■ INFORMATION SHOWN
____

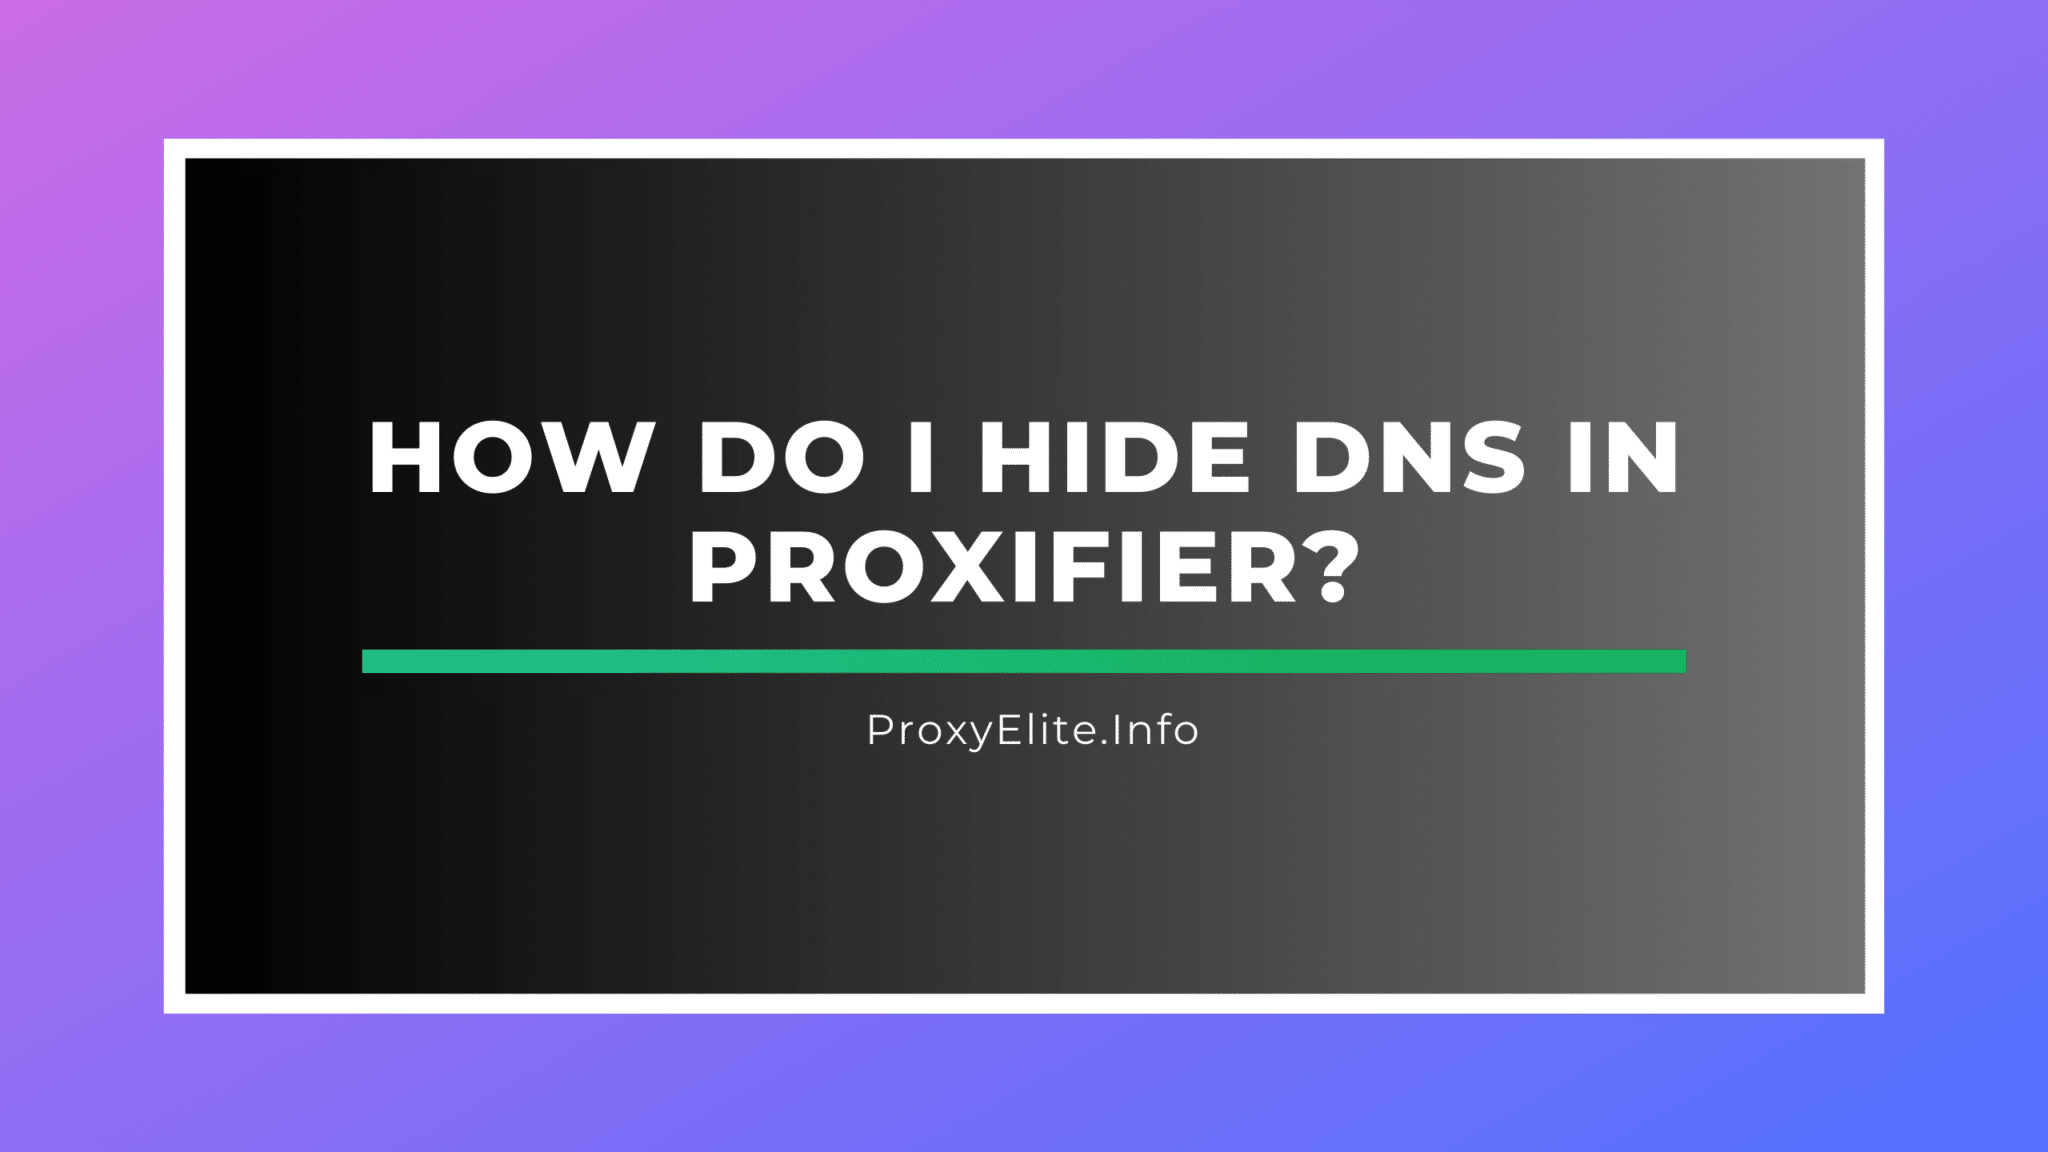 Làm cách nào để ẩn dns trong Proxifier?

____

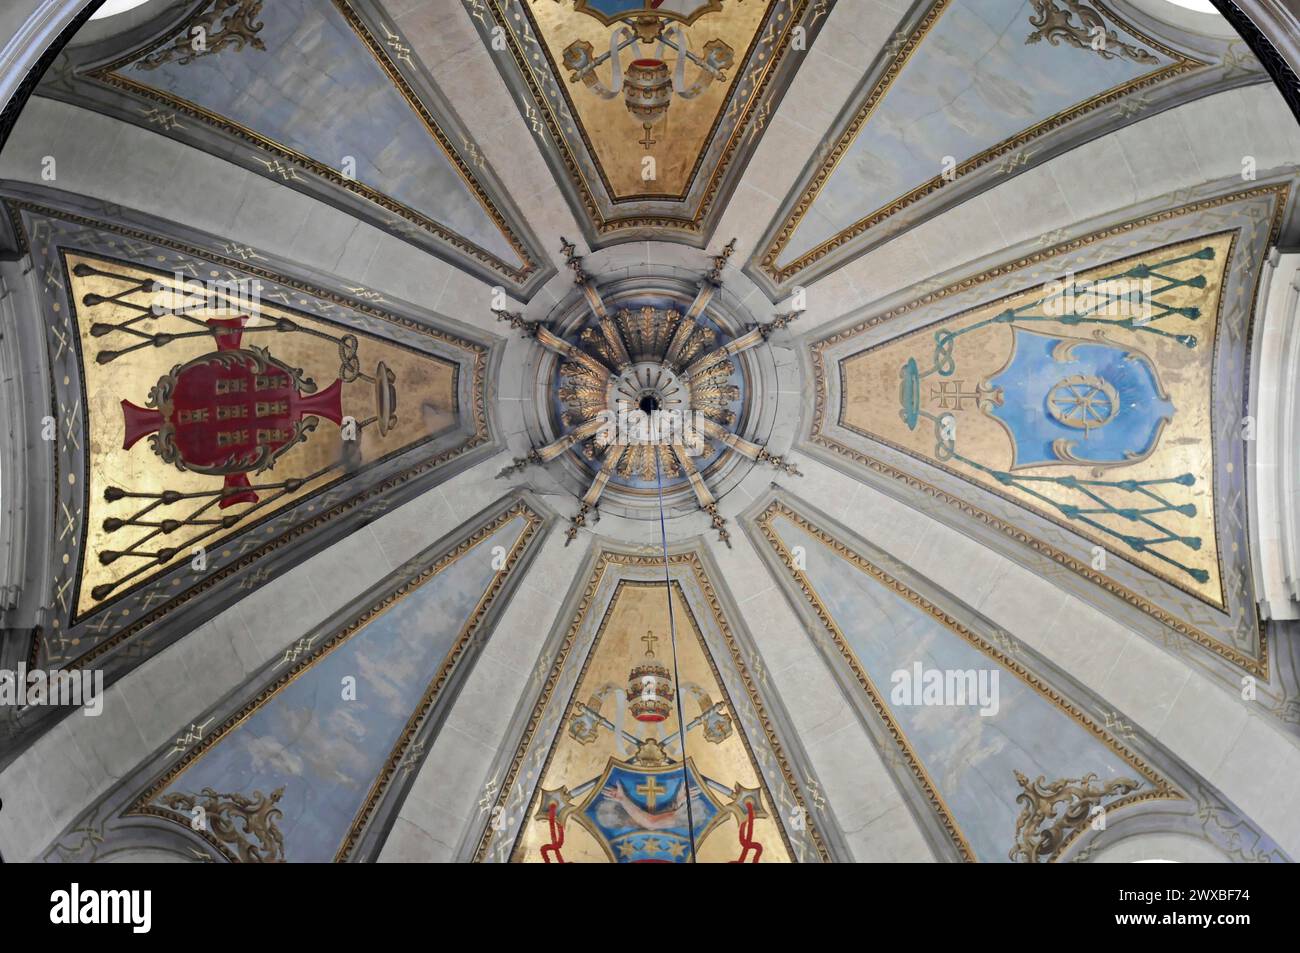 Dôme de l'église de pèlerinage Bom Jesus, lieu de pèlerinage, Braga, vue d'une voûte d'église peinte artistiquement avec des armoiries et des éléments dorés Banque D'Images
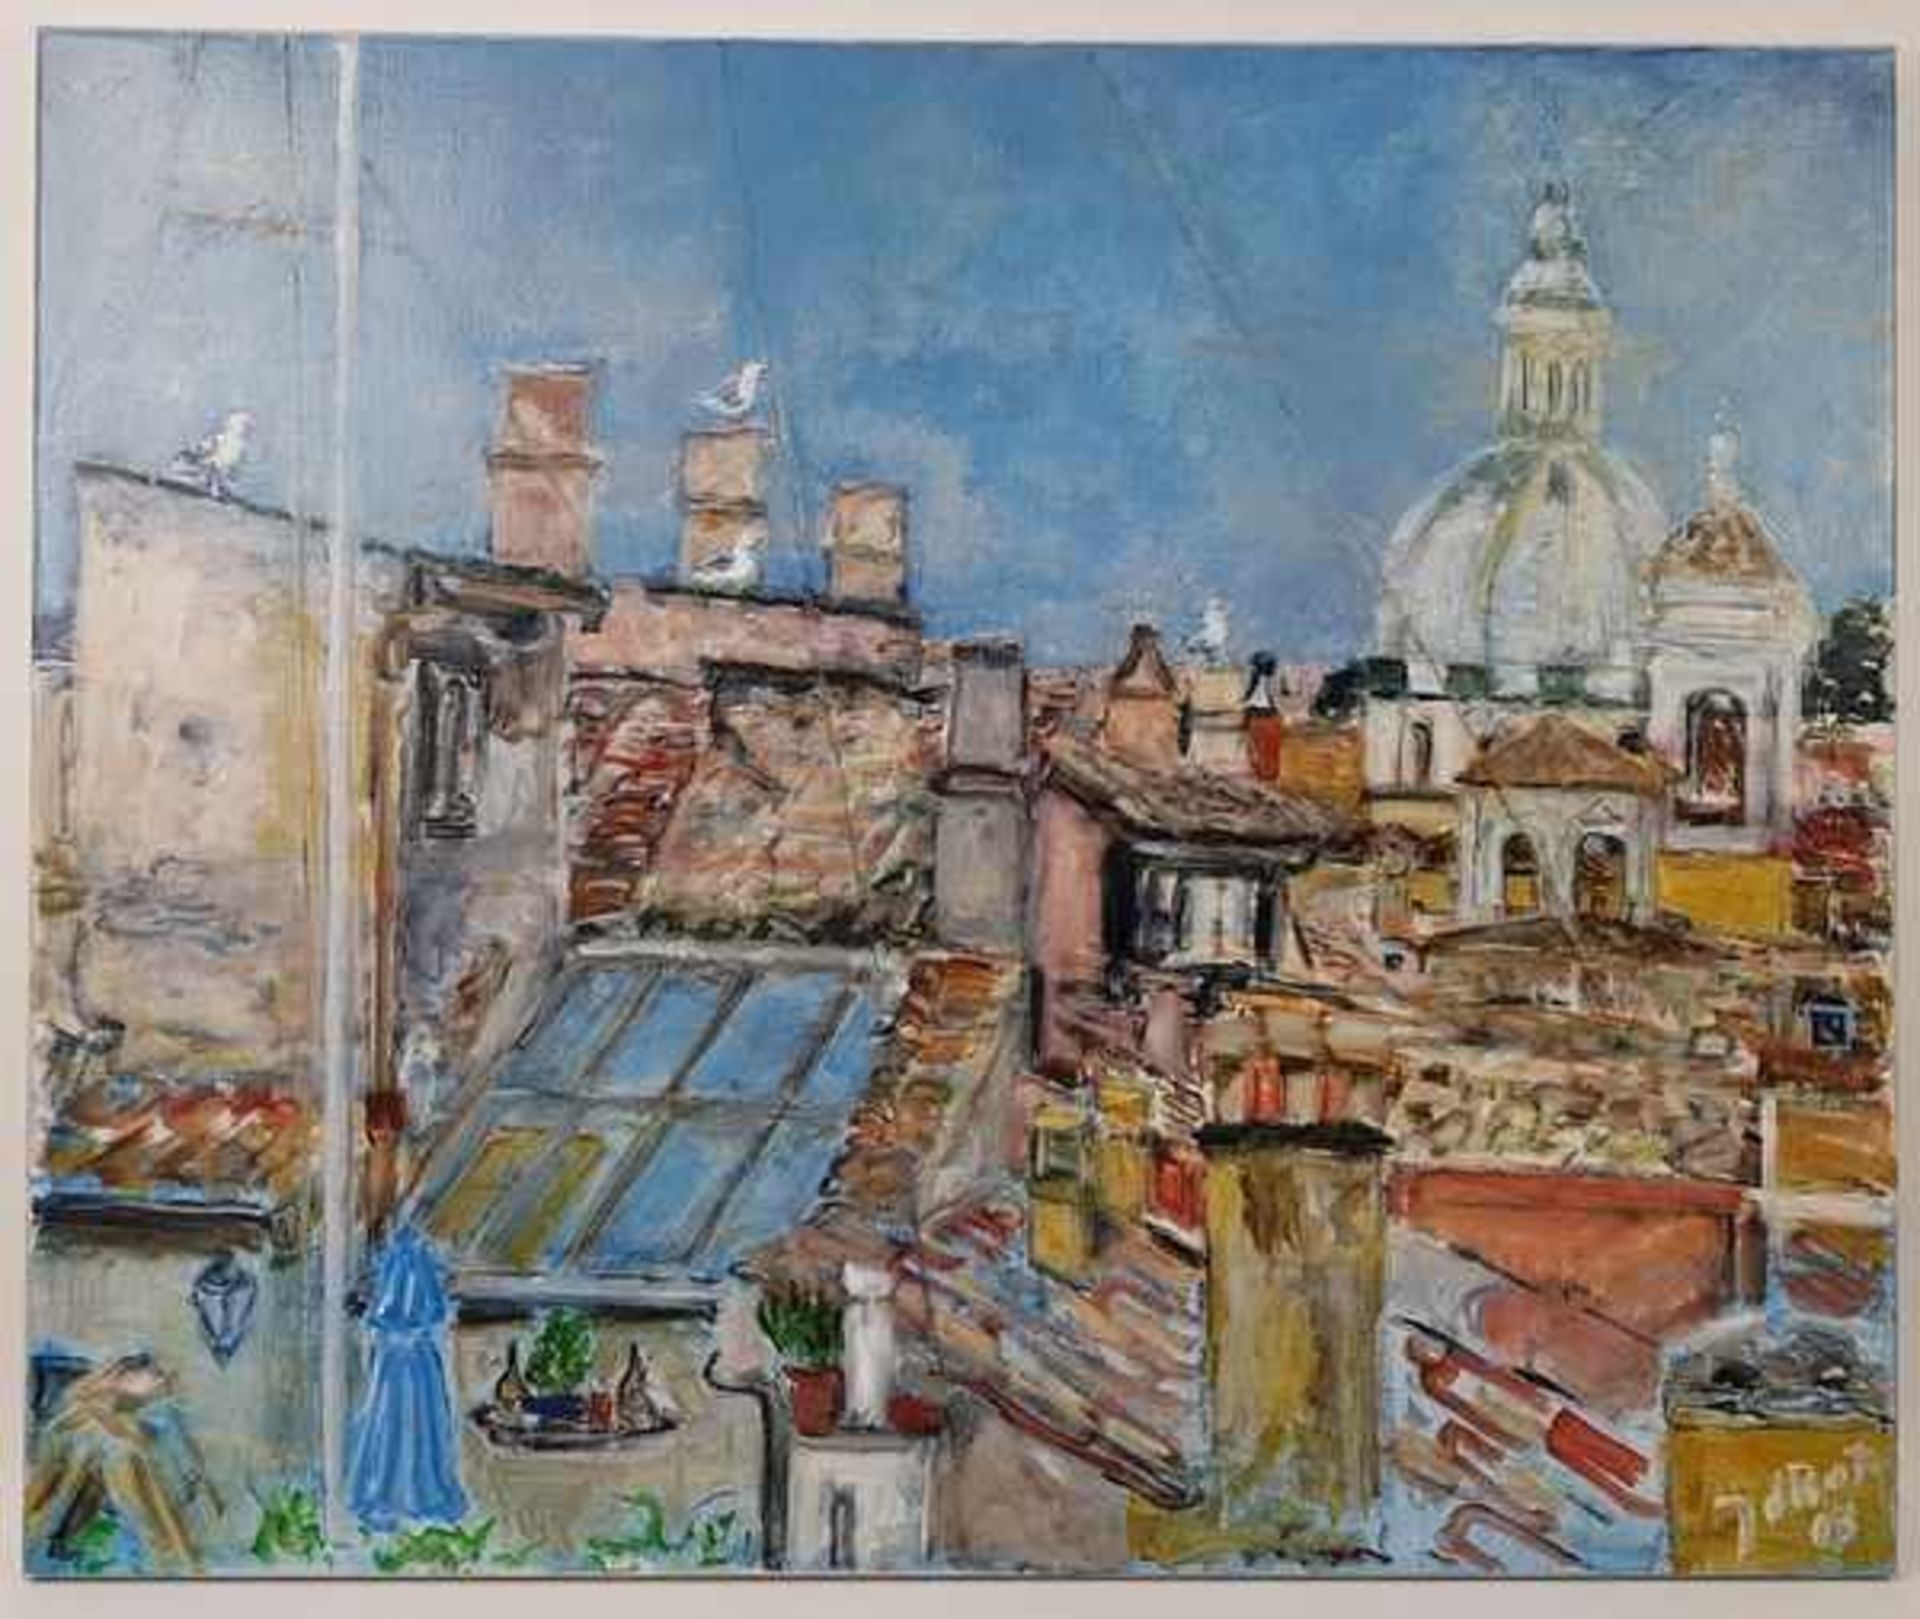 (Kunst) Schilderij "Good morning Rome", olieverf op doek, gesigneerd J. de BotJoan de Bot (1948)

____

■ WHAT TO DO
How would the lines above read from the one with "Dôme de l'église" to the one with "de Bot (1948)", inclusive, with no pictures? Write them out exactly.

■ FINISHED EXERCISE
 Dôme de l'église de pèlerinage Bom Jesus, lieu de pèlerinage, Braga, vue d'une voûte d'église peinte artistiquement avec des armoiries et des éléments dorés Banque D'Images
 (Kunst) Schilderij "Good morning Rome", olieverf op doek, gesigneerd J. de BotJoan de Bot (1948)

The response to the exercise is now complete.